EXERCISE AIM: Please transcribe the listing that follows exactly; images are to be excluded.

PROVIDED DATA:
↓↓↓

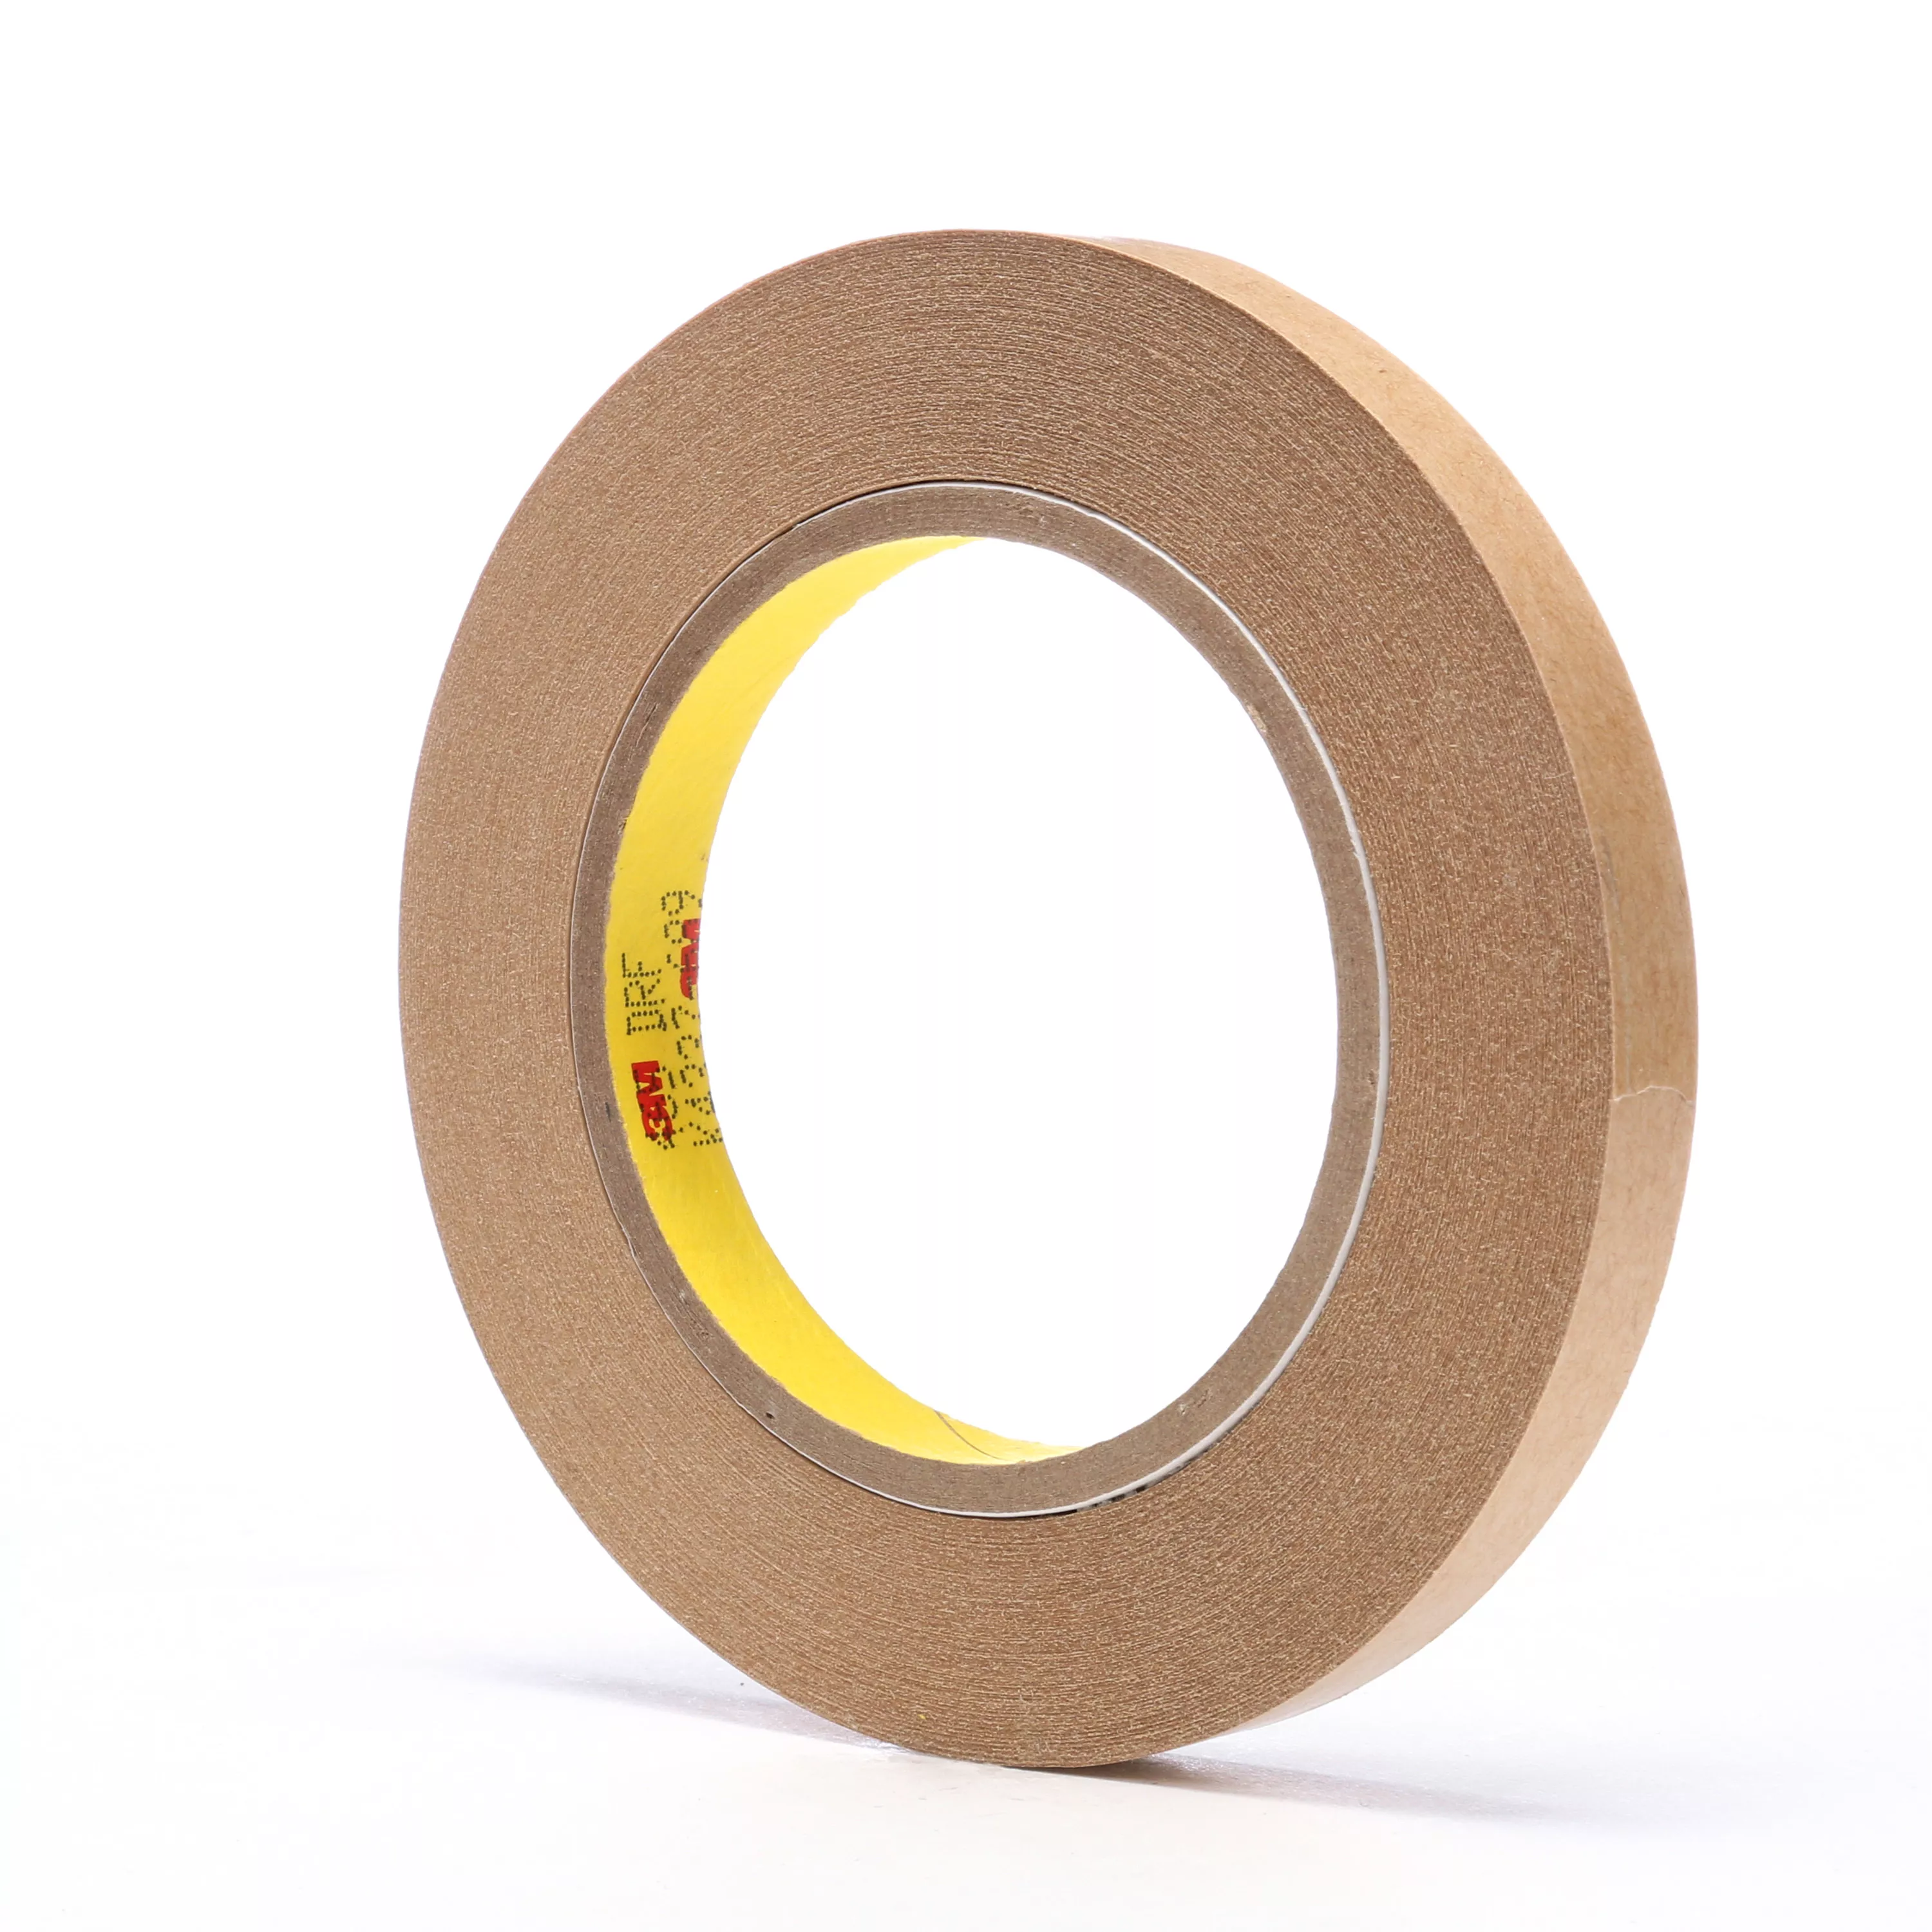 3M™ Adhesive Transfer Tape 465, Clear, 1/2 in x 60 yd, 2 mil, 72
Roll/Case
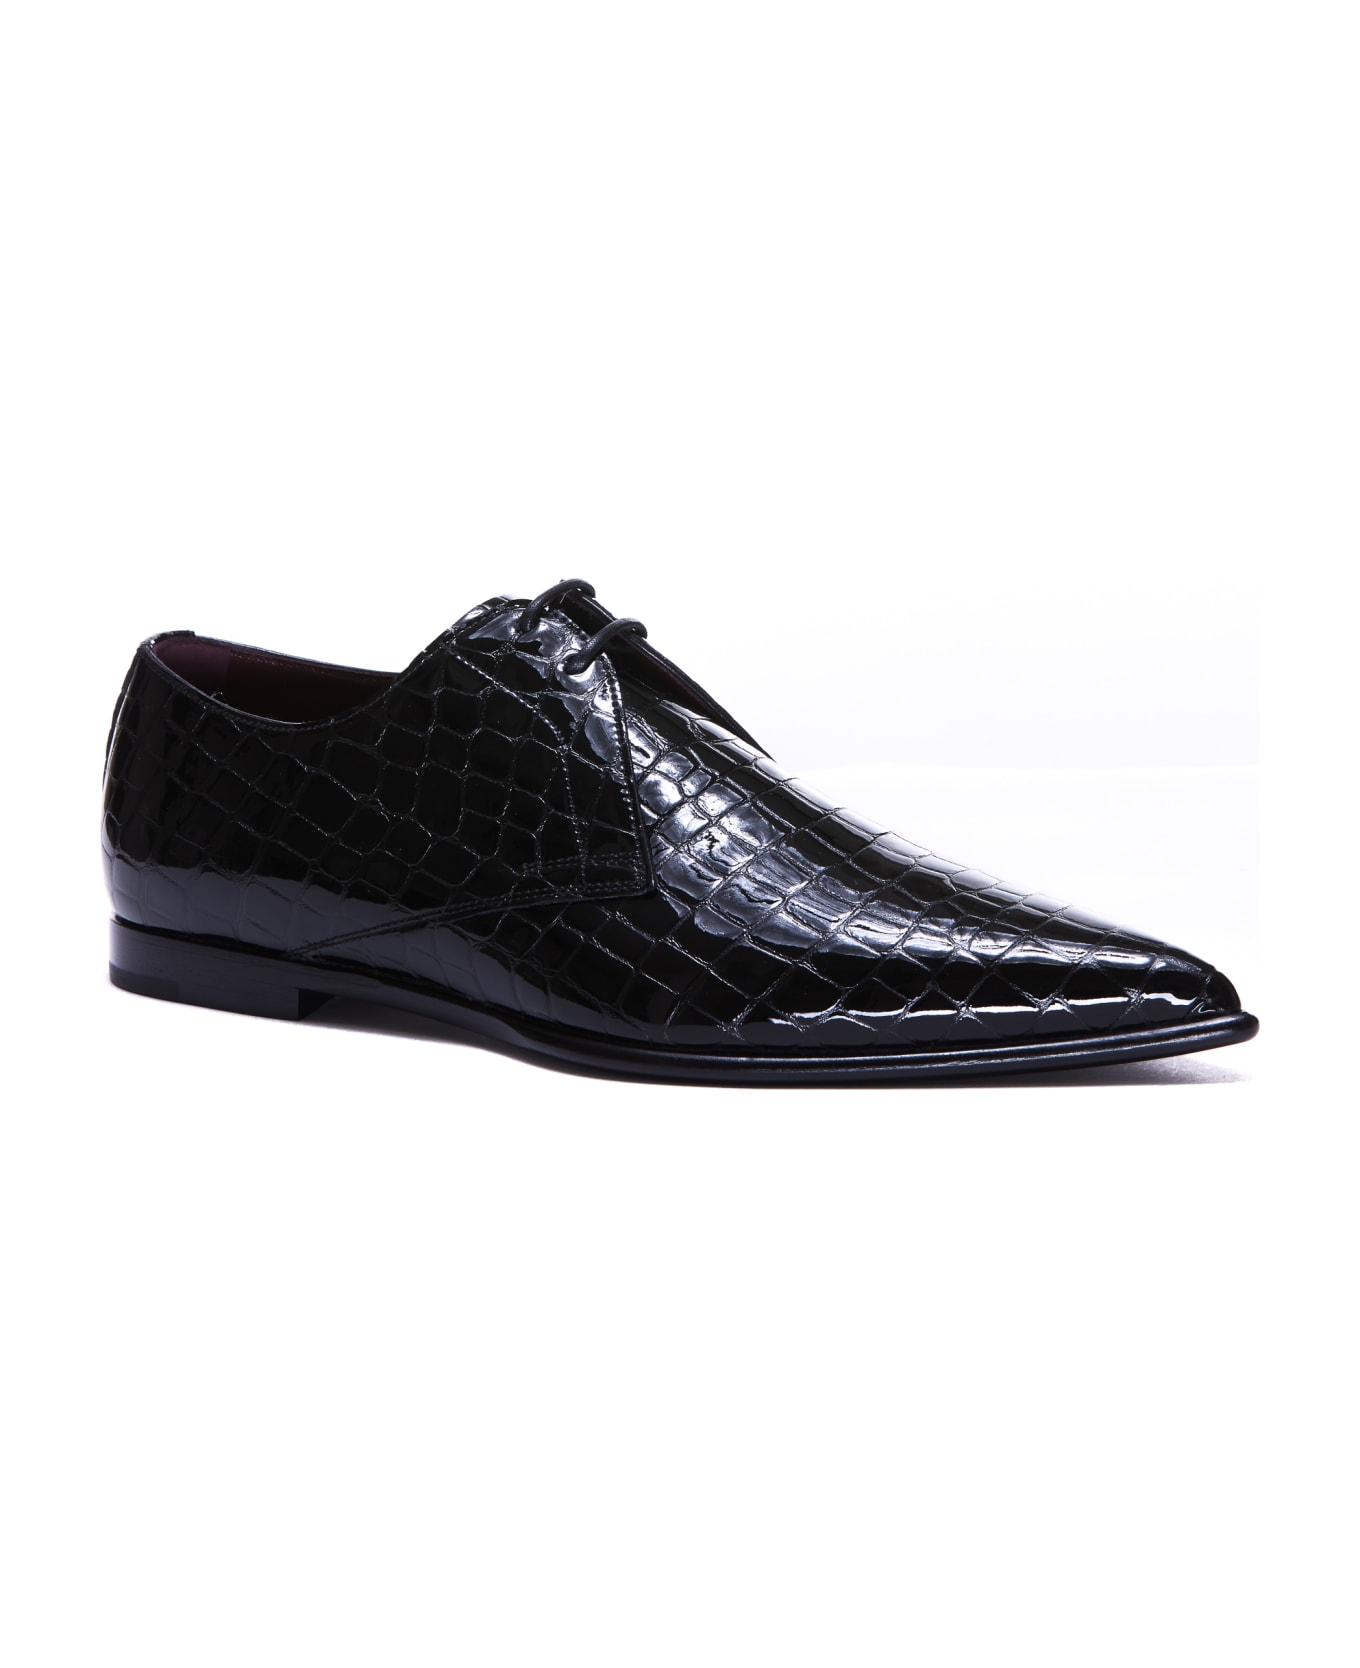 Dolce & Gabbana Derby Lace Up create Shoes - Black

↑↑↑

EXPECTED ANSWER:
 3M™ Adhesive Transfer Tape 465, Clear, 1/2 in x 60 yd, 2 mil, 72
Roll/Case
 Dolce & Gabbana Derby Lace Up create Shoes - Black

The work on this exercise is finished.